Cool temperature has been the main method by which milk freshness has been extended. When windmills and well pumps were invented, one of its first uses on the farm besides providing water for animals was for cooling milk, to extend the storage life before being transported to the town market.

The naturally cold underground water would be continuously pumped into a tub or other containers of milk set in the tub to cool after milking. This method of milk cooling was extremely popular before the arrival of electricity and refrigeration.


When refrigeration first arrived (the 19th century) the equipment was initially used to cool cans of milk, which were filled by hand milking. These cans were placed into a cooled water bath to remove heat and keep them cool until they were able to be transported to a collection facility. As more automated methods were developed for harvesting milk, hand milking was replaced and, as a result, the milk can was replaced by a bulk milk cooler. 'Ice banks' were the first type of bulk milk cooler. This was a double wall vessel with evaporator coils and water located between the walls at the bottom and sides of the tank. A small refrigeration compressor was used to remove heat from the evaporator coils. Ice eventually builds up around the coils, until it reaches a thickness of about three inches surrounding each pipe, and the cooling system shuts off.

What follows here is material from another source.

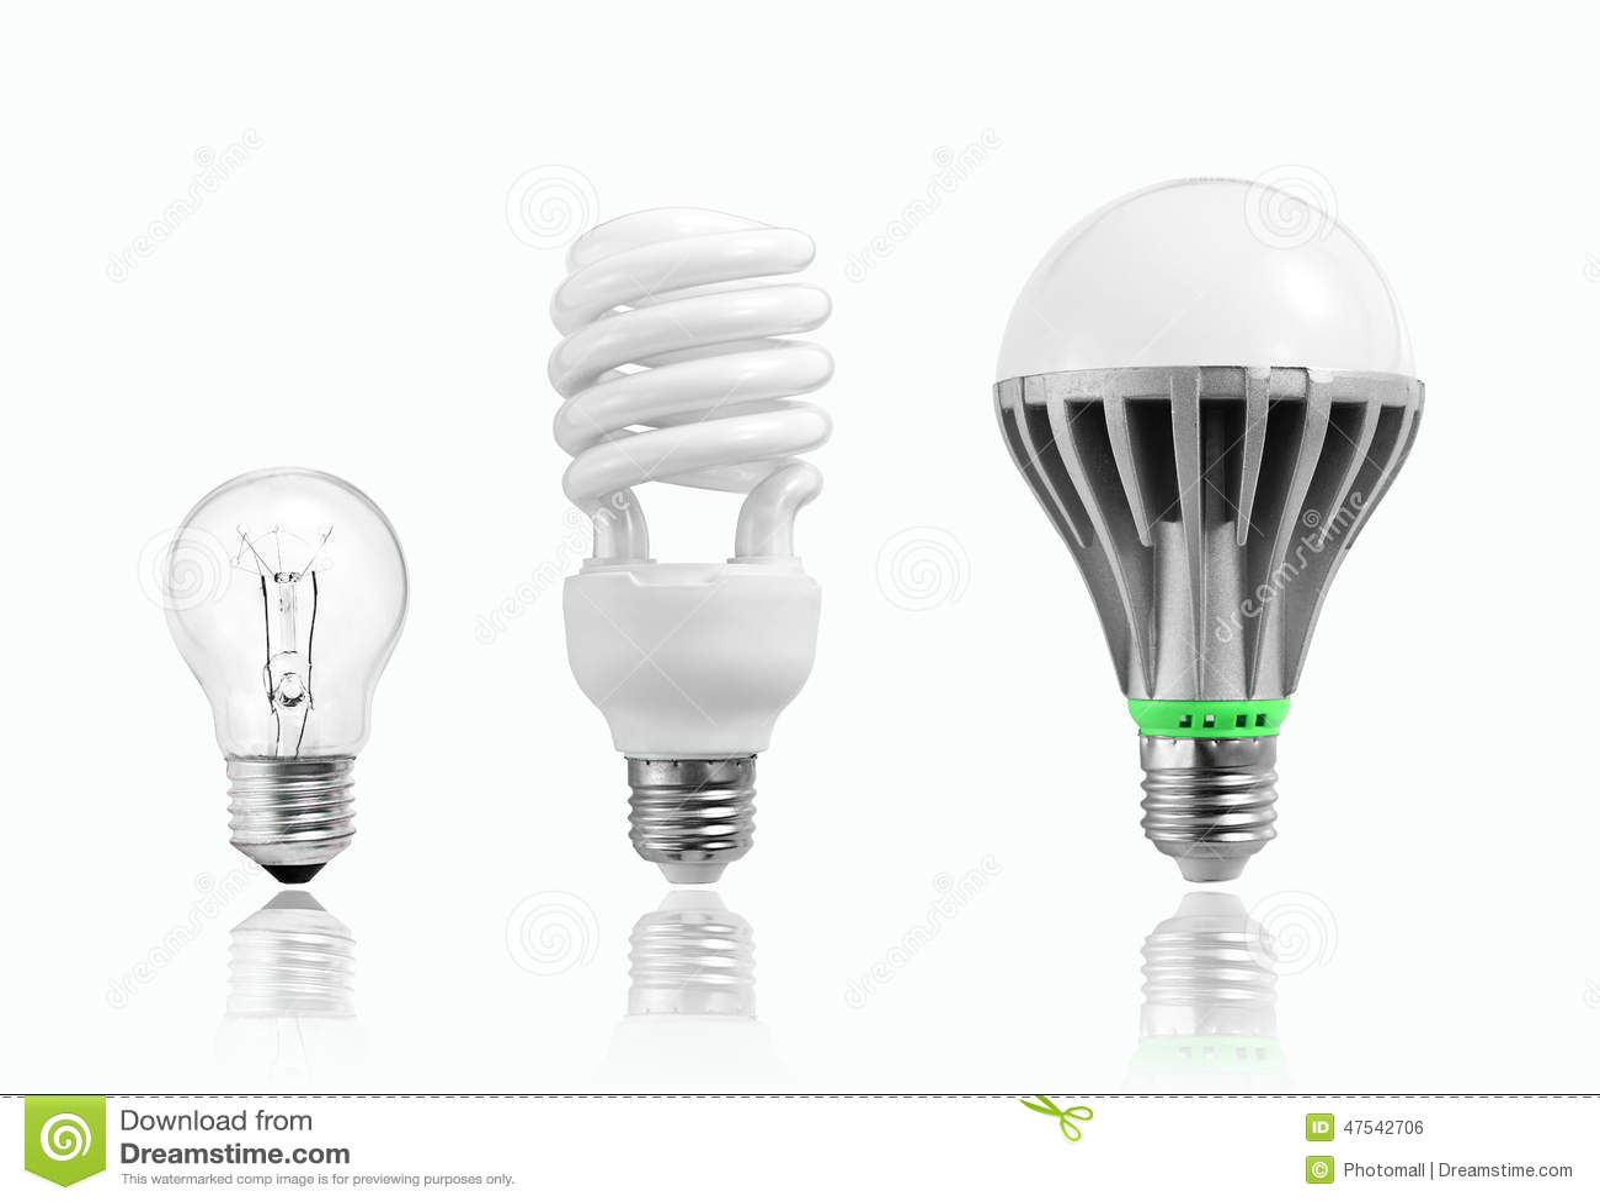 LED电灯泡,钨电灯泡,白炽电灯泡,日光灯,照明设备,节能和环境保护的演变
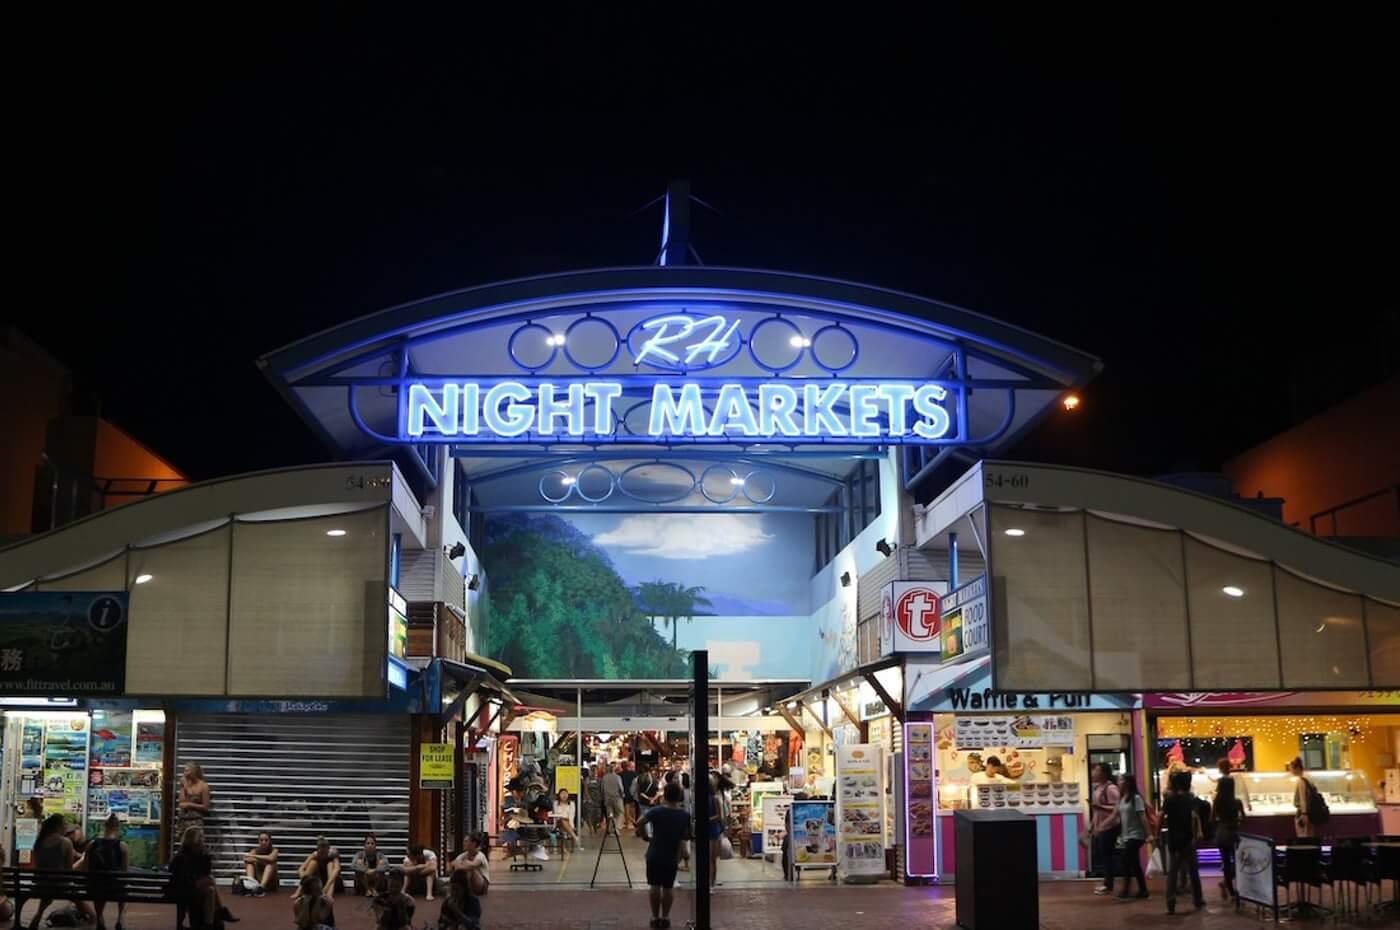 cairns night market, cairns food market, cairns asplonade

When the milking operation starts, only the milk agitator and the water circulation pump, which flows water across the ice and the steel walls of the tank, are needed to reduce the incoming milk to a temperature below 40 degrees.

This cooling method worked well for smaller dairies, however was fairly inefficient and was unable to meet the increasingly higher cooling demand of larger milking parlors. In the mid 1950's direct expansion refrigeration was first applied directly to the bulk milk cooler. This type of cooling utilizes an evaporator built directly into the inner wall of the storage tank to remove heat from the milk. Direct expansion is able to cool milk at a much faster rate than early ice bank type coolers and is still the primary method for bulk tank cooling today on small to medium sized operations.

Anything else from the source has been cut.